1997 Kentucky School Shooter to 'rot' in prison for life

The 1997 Kentucky Heath High School mass shooter was denied parole 25 years later and to “rot” in prison for the rest of his life.


The Kentucky Parole Board denied the Kentucky school shooter’s plea for parole on Monday. They decided that he would have to serve the remainder of his life behind bars. This is for opening fire on classmates in a 1997 school shooting when he was just 14 years old.

Michael Carneal, now 39, informed the parole board members last week that if they decided to release him, he would continue his mental health therapy and live with his parents.

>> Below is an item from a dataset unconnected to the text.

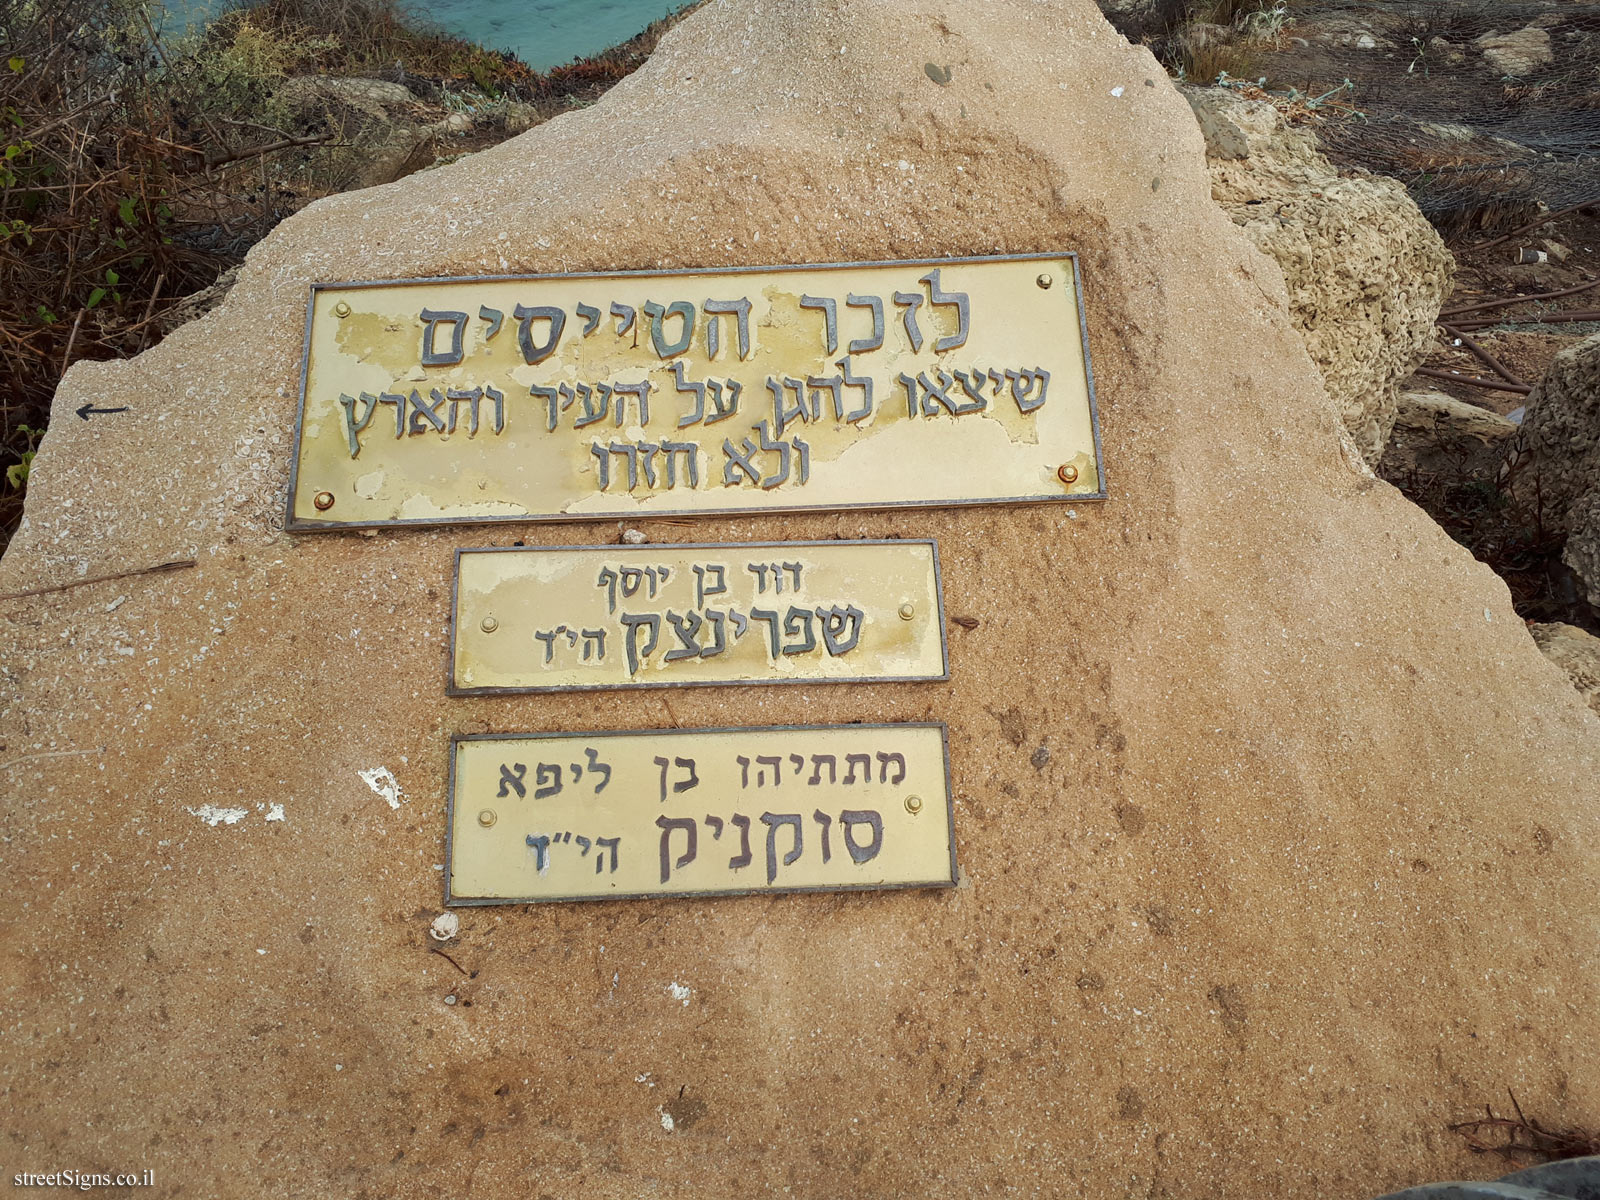 Memorial rock for David Sprinzak and Matityahu Sukenik - Shlomo Lahat Promenade, Tel Aviv-Yafo, Israel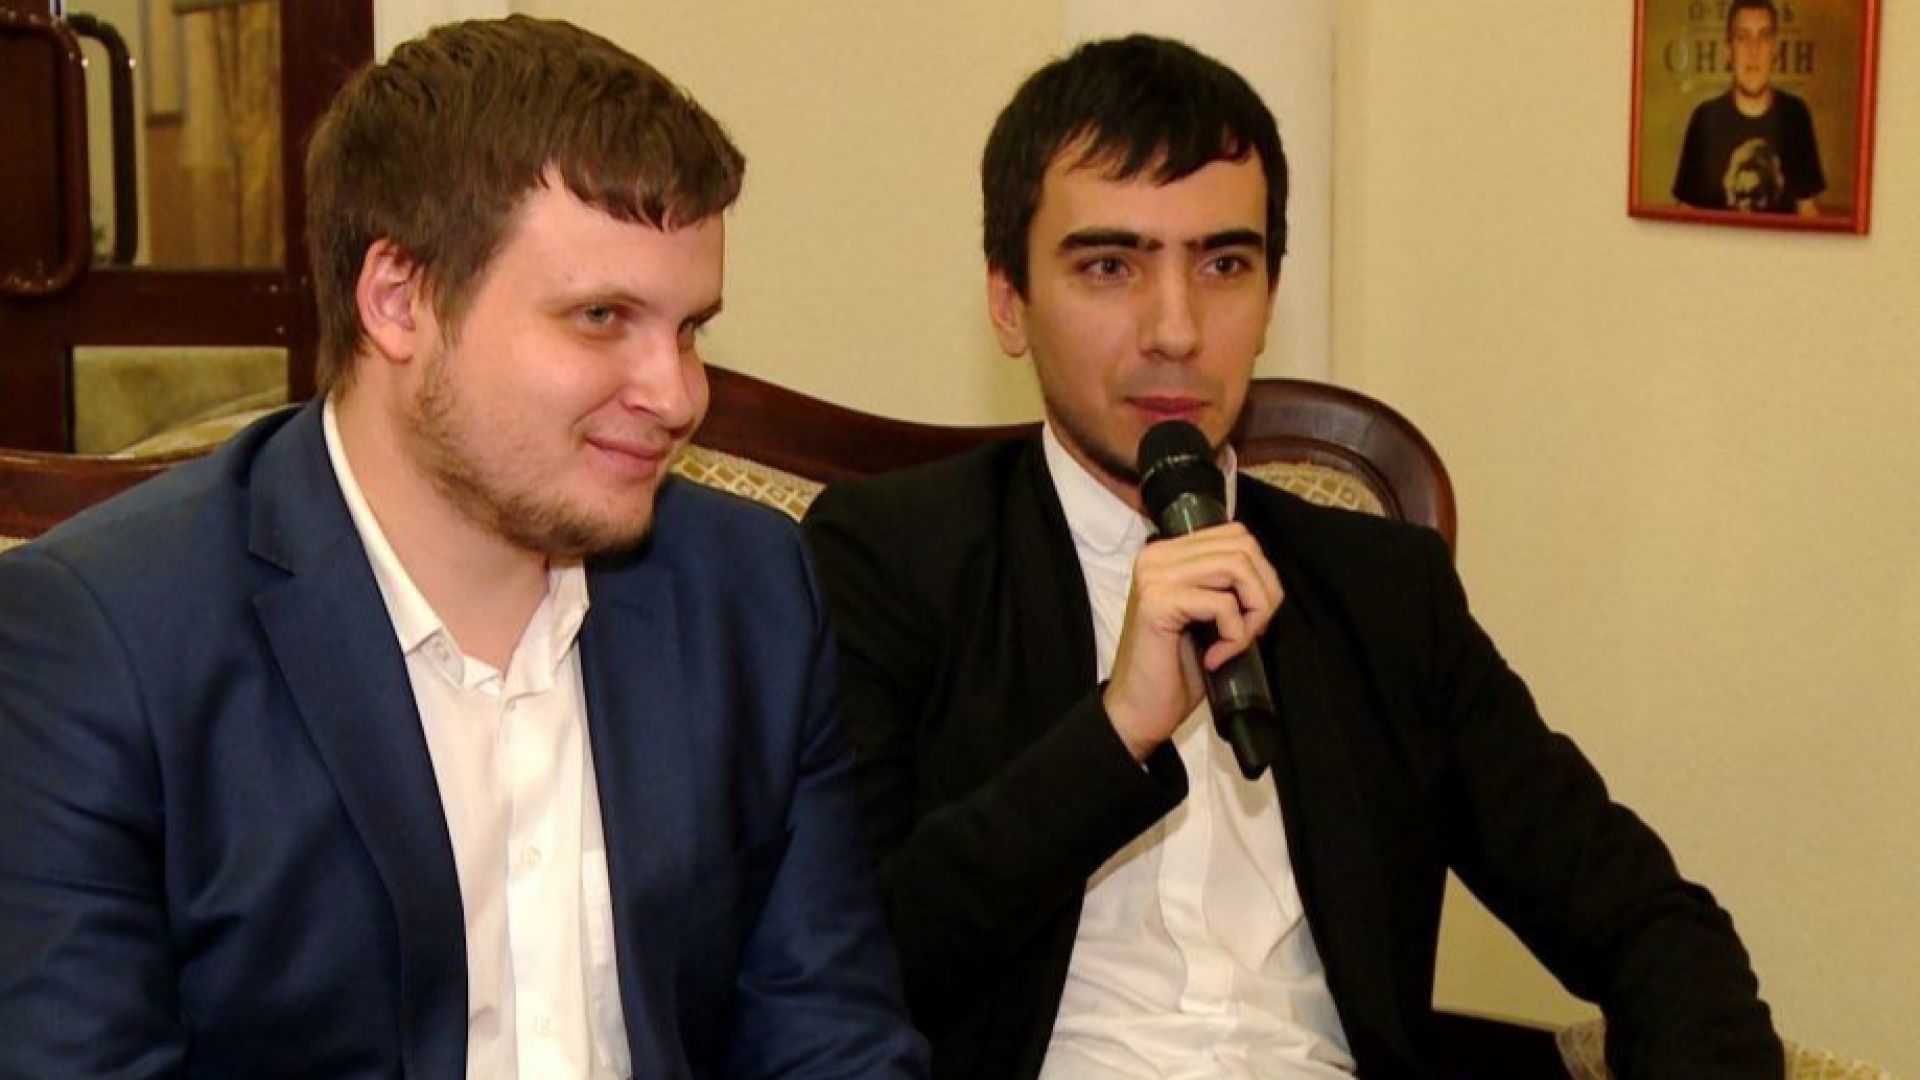 Руските комици Владимир Кузнецов и Алексей Столяров известни като Вован

He acknowledged that he still hears voices similar to the ones who instructed him to break in and steal a neighbor’s gun to shoot a prayer circle in the crowded lobby of Heath High School located in West Paducah in December 1997.


Carneal claimed that he had learnt to control his actions thanks to therapy and medicine.

Nicole Hadley, 14, Kayce Steger, 15, and Jessica James, 17, were killed. Five additional people were hurt, including Missy Jenkins Smith, who is crippled and wheelchair-bound.

After nearly 30 minutes of private discussion, the board, which was in Frankfort, decided 7-0 to reject parole.

Carneal viewed the vote from the Kentucky State Reformatory in La Grange while using Zoom.

As Kentucky Parole Board Chair Ladeidra Jones asked each member for their vote, he sat hunched in a little chair. Jones then informed Carneal that he would spend the remainder of his life in prison.

This is “because of the seriousness of your crime.” Only saying “Yes, ma’am,” Carneal hurriedly walked away.


The 1997 Kentucky Heath High School mass shooting was one of the first in modern history

The mass shooting at the school was one of the first in contemporary American history, according to The Courier Journal.

The massacre at Heath High School happened exactly 17 months before Eric Harris and Dylan Klebold massacred 12 students and one teacher there and injured another 21.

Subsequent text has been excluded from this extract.